太后翁氏葬礼刚毕,郑王府议事堂内文武百官齐聚。
众人身着素服,低垂着头,肩膀微躬,连呼吸都放得极轻,殿内弥漫着丧期未散的凝重。
底下却藏着一股暗流——自太后病重,立储的风声就没断过。
如今丧期一过,谁都想趁这个时候站队,抢占从龙之功。
沉默没撑过三炷香,户部尚书颤巍巍站了出来。
他袍角沾着尘土,双手拢在袖中,指节攥得发白,显然鼓足了勇气。
“陛下!太后丧期已过,国不可一日无储!恳请陛下早日册立太子,安民心、固国本!”
“陛下,户部尚书所言极是!”
“臣等附议,恳请陛下立储!”
附和声瞬间炸开。
有人高声附和,生怕陛下听不见;有人低声应和,眼神不停瞟向主位;还有人悄悄交换眼神,显然早有串通。
主位上,郑森手指轻叩案面。
咚、咚、咚,节奏平稳,却像重锤敲在每个人心上。
他始终没看请愿的官员,目光死死钉在案上的宗亲子弟名录上。
郑明的名字被朱砂圈了三道,红得刺眼,像一滴凝固的血,映着他眼底的寒芒。
等殿内附和声渐高,几乎盖过殿外风声,郑森才缓缓抬起头。
他的目光扫过殿内,冷得像关外寒冬,带着刺骨的威压。
被他眼神扫到的官员,齐刷刷把头埋得更低,肩膀不自觉塌下去。
原本嘈杂的请愿声瞬间戛然而止,连呼吸都不敢大声喘。
“立储?”
郑森的声音不高,却穿透殿内死寂,带着沉甸甸的威压,“你们觉得,现在是立储的时候?”
话音刚落,他猛地站起身。
龙袍下摆扫过地面,悄无声息却带着雷霆之势,一步一步走下台阶,直冲到户部尚书面前。
户部尚书浑身一颤,冷汗瞬间浸透素色朝服。
汗水顺着脸颊淌进衣领,凉得他打了个哆嗦,张着嘴半天挤不出一个字,双手死死攥着朝服衣角,指节泛白得快要裂开。
“怎么?不敢说了?”
郑森冷笑一声,转身扫视着跪了大半殿的百官。
声音陡然拔高,震得殿顶灰尘簌簌往下掉:“你们那点心思,朕看得一清二楚!无非是想拥立储君,提前抱大腿,谋个从龙之功!”

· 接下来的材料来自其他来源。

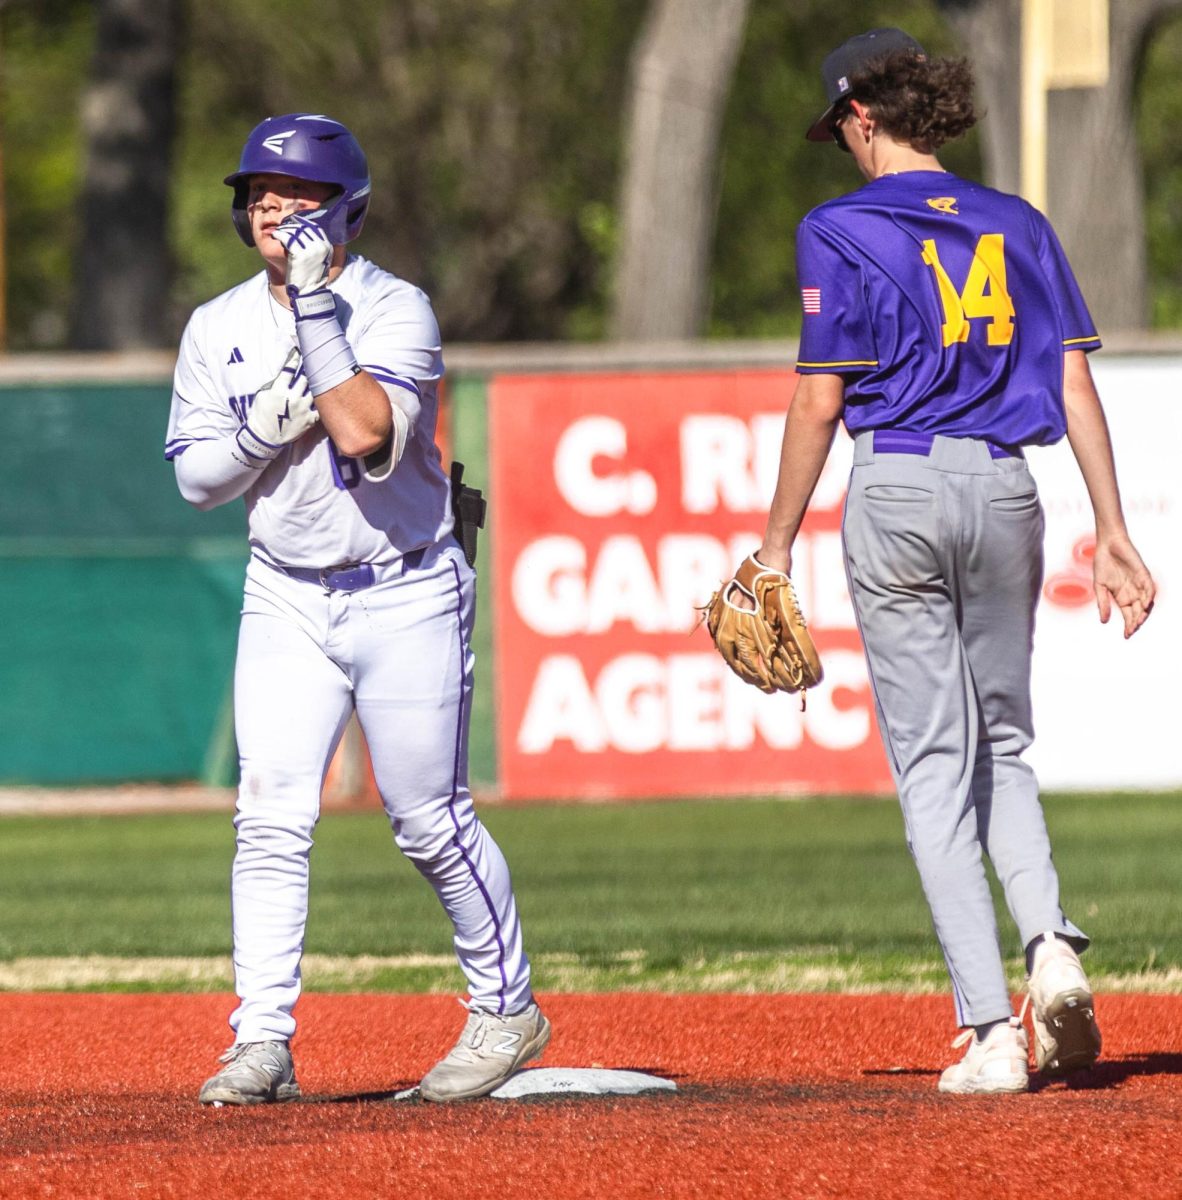 After successfully sliding into second base and beating the throw from the outfield, senior Tucker Akins calls time to give Coach Dwayne Vaughn his batting gloves.

“可你们别忘了,大夏江山,不是你们投机取巧的工具!”
“陛下息怒!”
百官齐刷刷跪倒在地,膝盖砸在青石板上,发出一片整齐的闷响。
有人膝盖着地时没稳住,踉跄了一下,连忙用手撑地稳住身形,连动都不敢多动:“臣等不敢!臣等只为大夏江山着想!”
“为大夏江山?”
郑森嗤笑一声,抬脚走到殿中央。
目光如刀,一寸寸剜过跪伏的百官:“若真是为了大夏,那朕倒要问问,曹寅、龚鼎孳这两个人,你们谁不清楚他们的底细?”
这两个名字一出,百官脸色齐齐剧变!
有人悄悄抬眼,飞快瞥了郑森一眼,又慌忙低下头,脖颈绷得笔直;
有人往人群后缩了缩,恨不得藏进人堆里——谁都知道,曹寅是郑明死忠,靠着江南织造的肥差大肆敛财,暗中资助郑明扩充势力;
龚鼎孳则一直勾连郑袭旧部,太后丧期还偷偷宴请宾客,这些事早有风声,只是没人敢提。
“传旨!”
郑森对着殿外一声大喝,声音冷硬如铁,不带半分感情。
两名锦衣卫应声而入,劲装裹身,腰间绣春刀泛着森寒的光。
他们躬身单膝跪地:“陛下有何吩咐?”
“把曹寅、龚鼎孳给朕押上来!”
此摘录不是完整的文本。